The recommended best practice is to Deploy any Java library under a Limited Copyleft license as a separate “dynamic” library as provisioned from the original OSS project. This is the best way to avoid Copyleft impact.

Combined JARs: uber-jars, mega-jars and fat-jars

Java code is typically packaged and redistributed as pre-compiled .class files assembled in one or more JAR libraries. Open source Java libraries are commonly downloaded at build time from a repository such as Maven (either a private or the Maven Central public repository).

The process of creating a Combined JAR is to combine the .class files from all of the third-party dependency JARs together with proprietary-licensed .class files in a single JAR. This larger Combined JAR mixes open source (and possibly Copyleft-licensed code) and proprietary code in a single JAR.

Creating larger Combined JARs is typically automated as part of a product build. Maven-based build plugins and tools include Maven Shade, one-jar, fat jar and others.

In most cases, this is an addition to the build that is easily reversed to revert to a multi-jar deployment approach. The technical purpose of building a Combined JAR may be to:

  • Simplify the deployment or configuration of some larger Java applications by reducing the number of .jar libraries to be deployed.
  • Simplify runtime configuration. In particular the Java class paths do not need to be configured to reference the dependencies since they are all contained in a single executable library.
  • Accelerate initial loading of the application in the JVM where startup time is critical for the application. This acceleration is likely to be minimal.

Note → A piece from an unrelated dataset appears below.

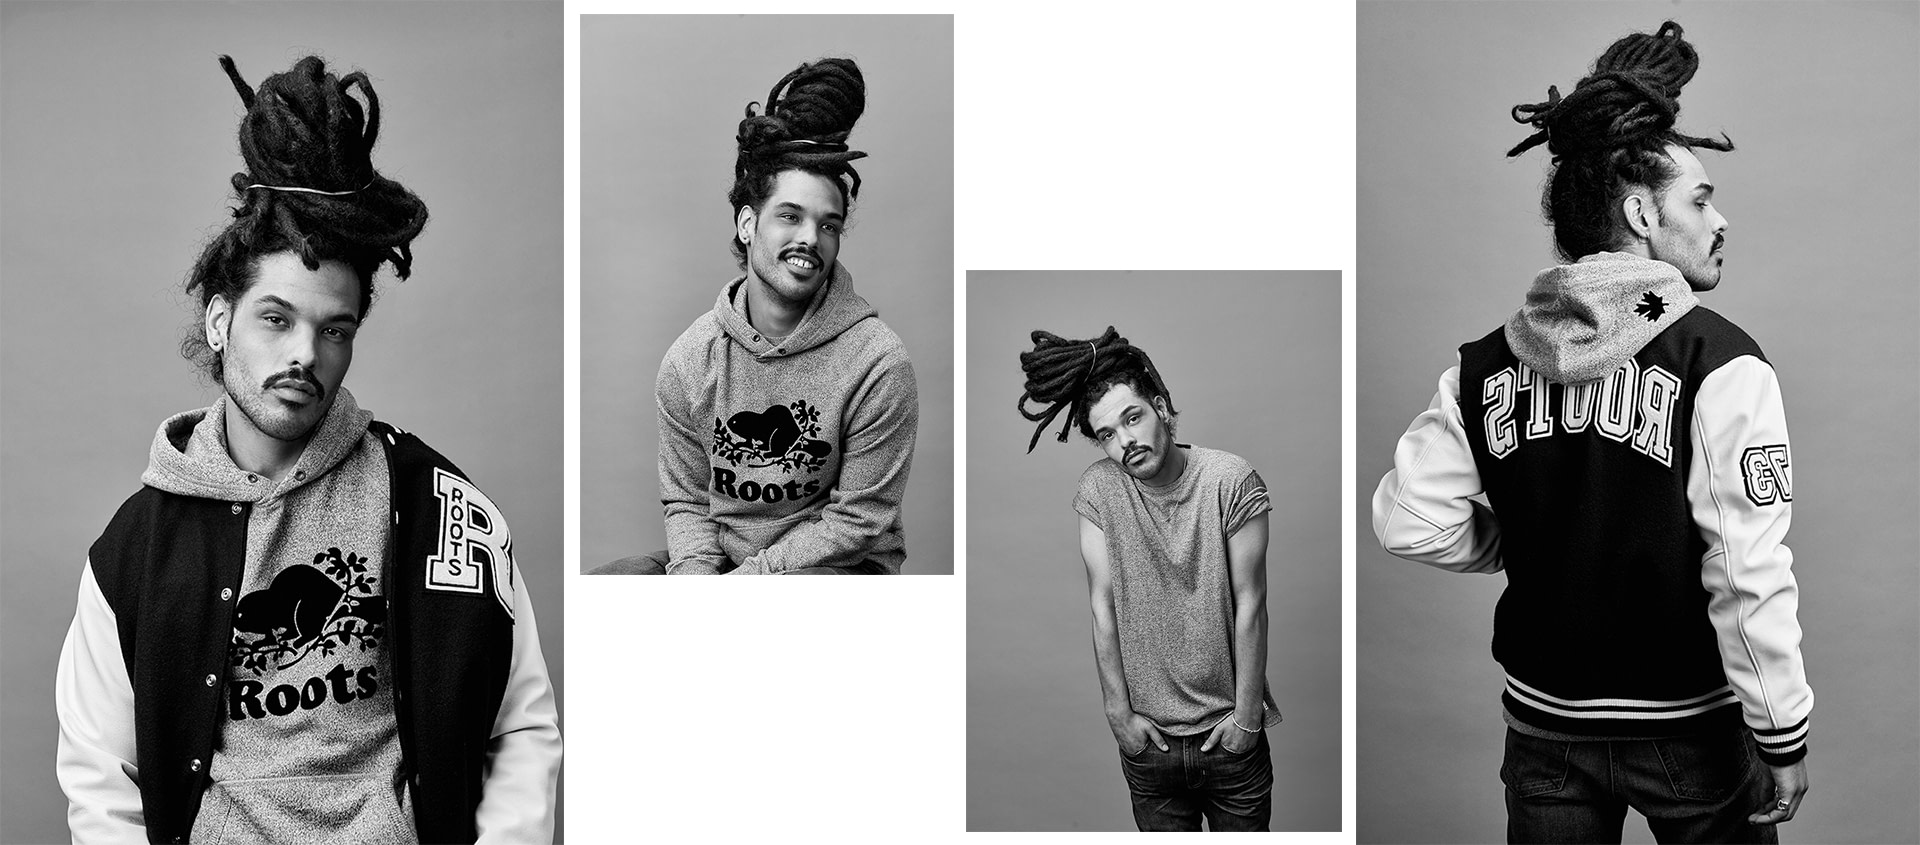 La campagne New Roots met en vedette Silvano pour ses portraits « Salt & Pepper ».

In addition to the Copyleft interaction issues outlined above, some other disadvantages of using Combined JARs are:

  • In the process of creating a Combined JAR, some common files with the same name and path (such as NOTICE, LICENSE) may be overwritten in a Combined JAR. Only one copy of each such file will exist in the Combined JAR. The terms of most open source licenses do not permit you to remove license or notice files.
  • The repackaging of un-modified JARs in a Combined JAR could be considered to be a modification. Most Copyleft licenses require you to track and document changes so this repackaging may require additional documentation work for the product team.
  • Tracing the package-version of an individual third-party component included in a Combined JAR may be difficult, which in turn may make it difficult to comply with Copyleft license conditions that require an offer to redistribute package-version-specific source code.
  • When updating software, the entire Combined JAR will need to be rebuilt even if most individual third-party packages are unchanged. In particular if a single third-party component JAR needs to be updated for a vulnerability, bug or new feature fix, then the whole Combined JAR need to be redistributed to customers.
  • If several larger Combined JARs are created in a product, the resulting size of the executables may be larger, as the contents of every shared third-party JAR will be duplicated in each Combined JAR instead of being shared across modules. Thus, a Combined JAR can impede the possibility and flexibility of Java library reuse.

In general, Combined JARs are best suited for Deployment of Java applications in an internal system/IT- or SaaS-only use case where some of their benefits are measurable and there are fewer issues related to license compliance and Copyleft-licensed component interaction.

When used in a commercial product that is distributed in any way, the issues attached to larger combined JARs usually outweigh any technical benefits that they may offer.